The state is arguably the most powerful technology ever created by man. The invention of the modern state in Europe half a millennium ago revolutionized life for many on the planet. By consolidating control over the means of violence, the state imposed social order and provided its citizens with security and protection against both internal and external threats. (1) By securing property rights, enforcing contracts, establishing financial systems, and organizing markets, the state has facilitated economic growth and prosperity. And by providing collective goods like education, scientific knowledge, public health, and social welfare programs, the state has further improved the life prospects of its citizens and created new opportunities for human flourishing. Hobbes had a point: without the state, life for many in the world would be much more "solitary, poore, nasty, brutish, and short." (2)

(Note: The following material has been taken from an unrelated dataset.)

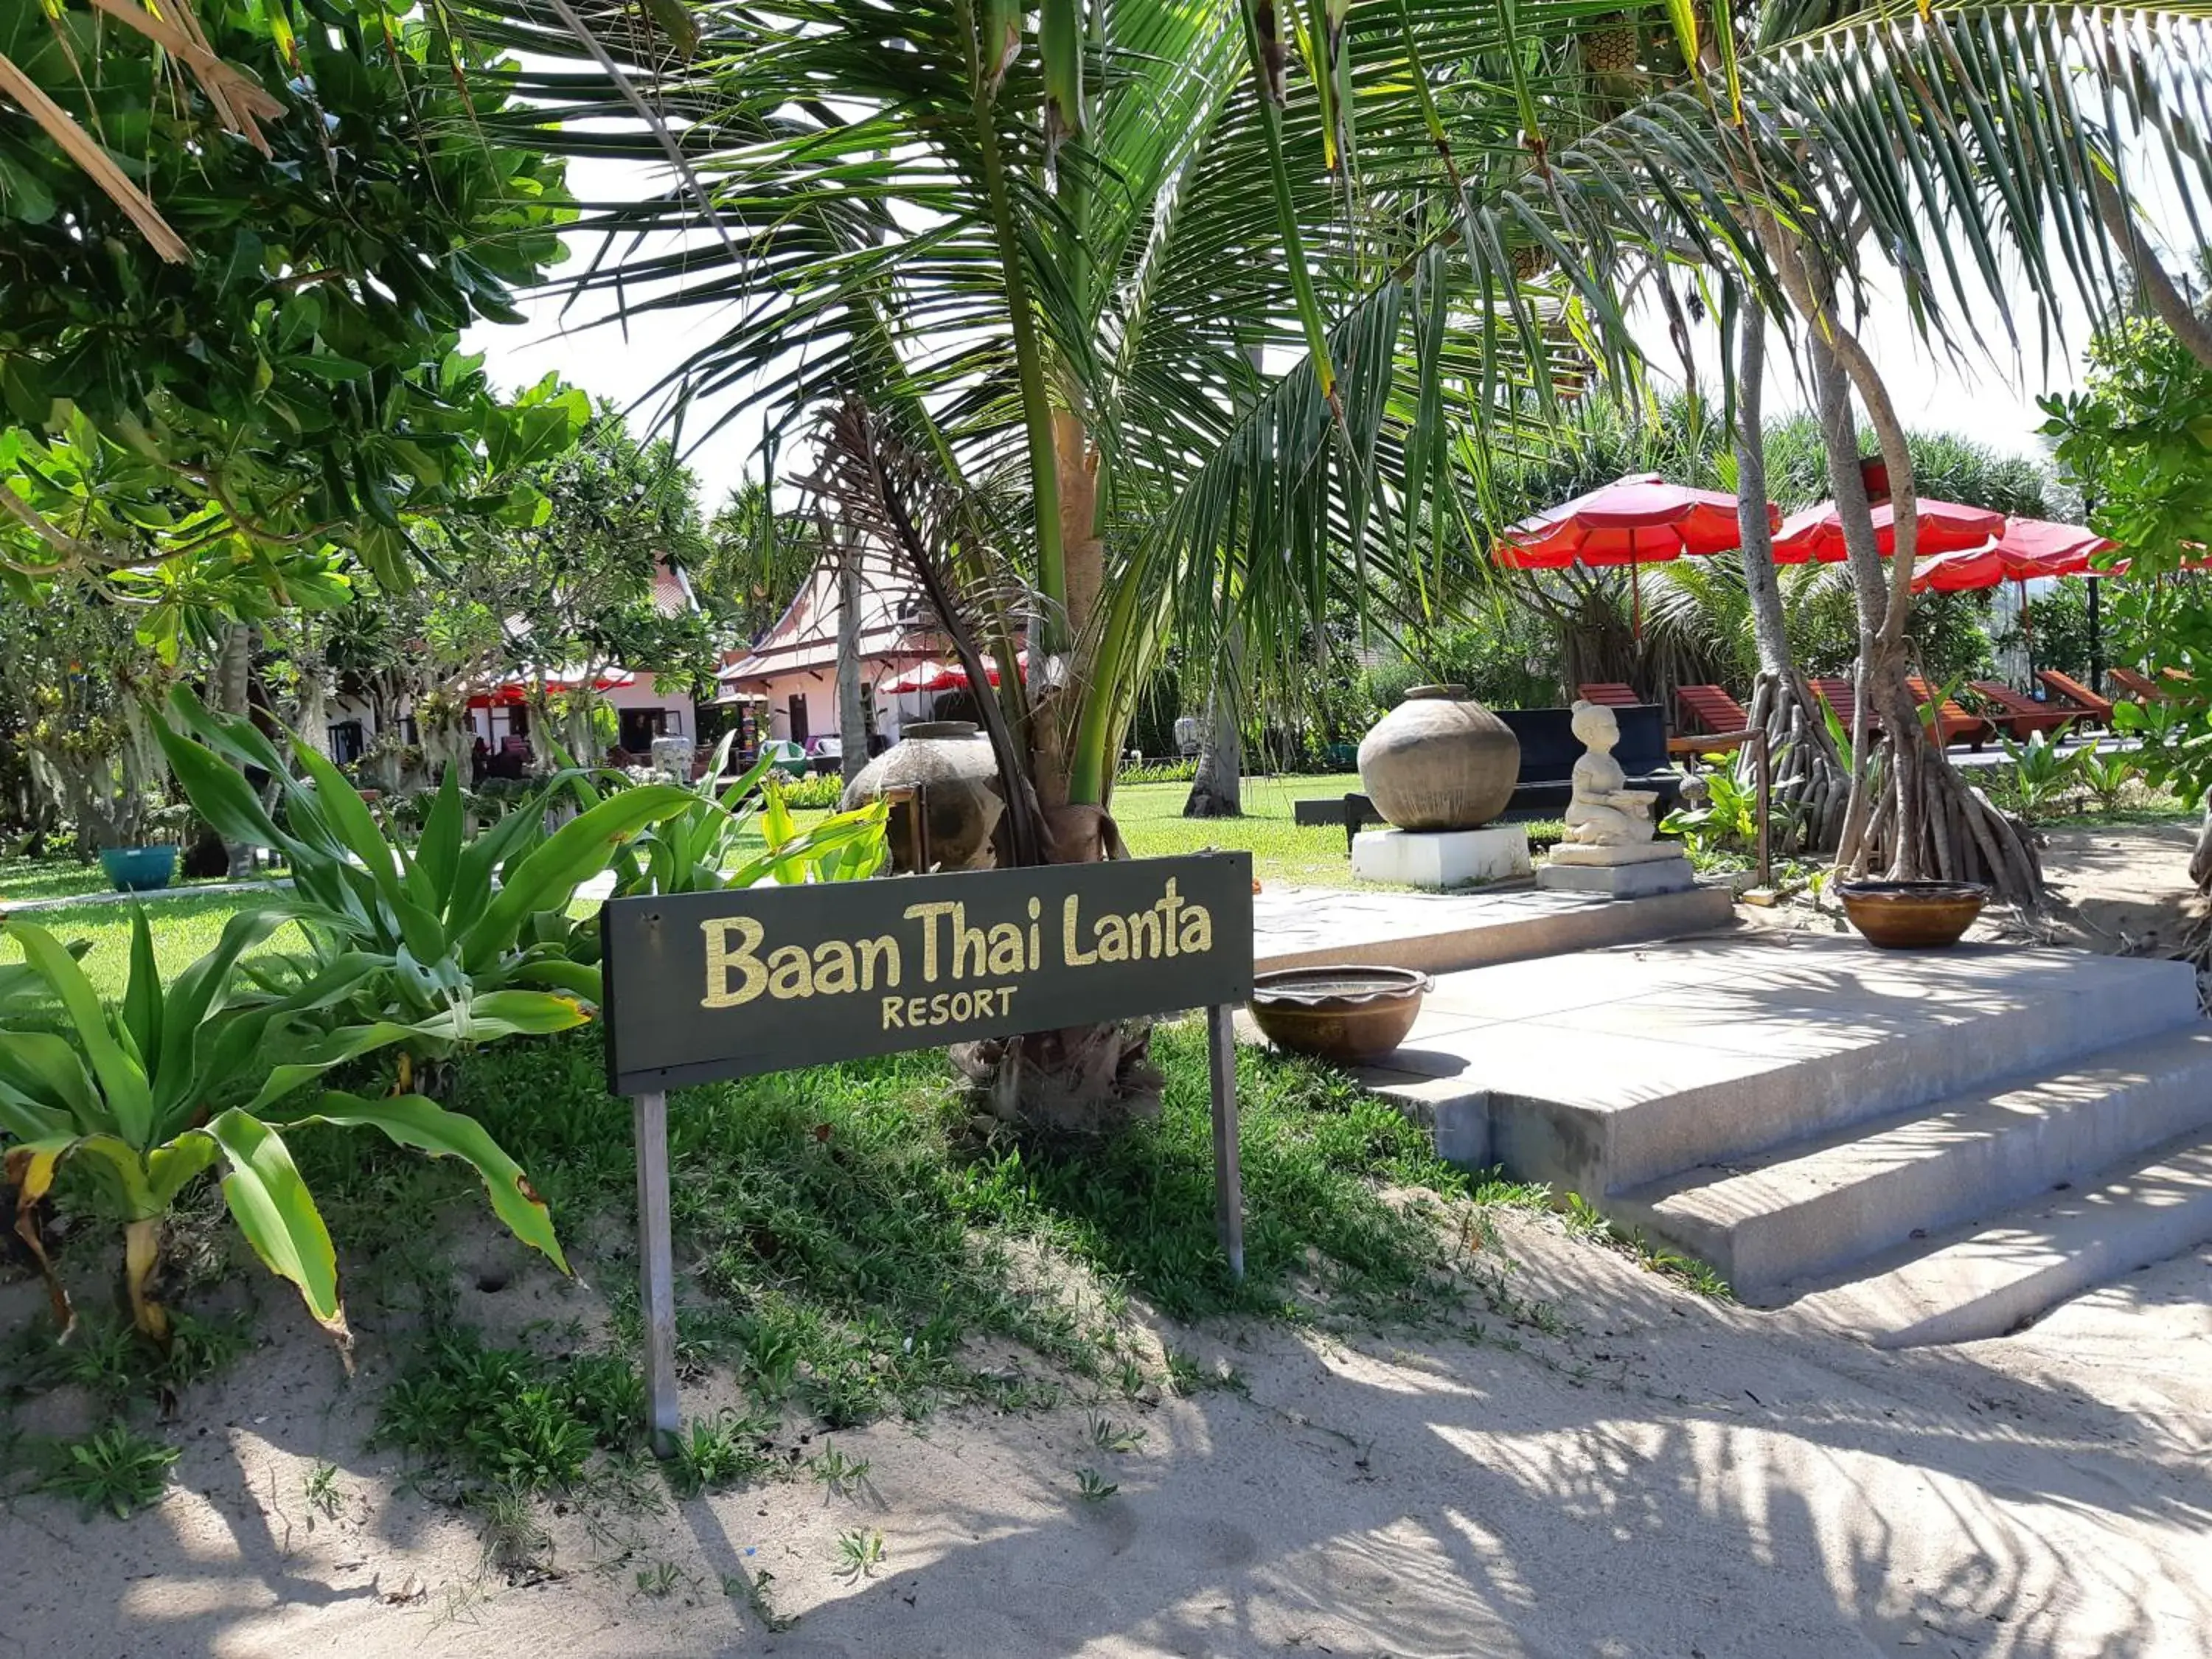 Property logo or sign in Baan Thai Lanta Resort

Like other powerful technologies, however, the state can be used not just for good but for evil. Rather than investing in the human capital of its citizens, the state can subject them to totalitarian oppression. Rather than creating wealth, the state can confiscate it. The same control over the means of violence that can be used to keep the peace can also be used for mass warfare or brutal repression. Whatever else the modern state has accomplished, it is also responsible for the Holocaust and Stalin's Soviet Union.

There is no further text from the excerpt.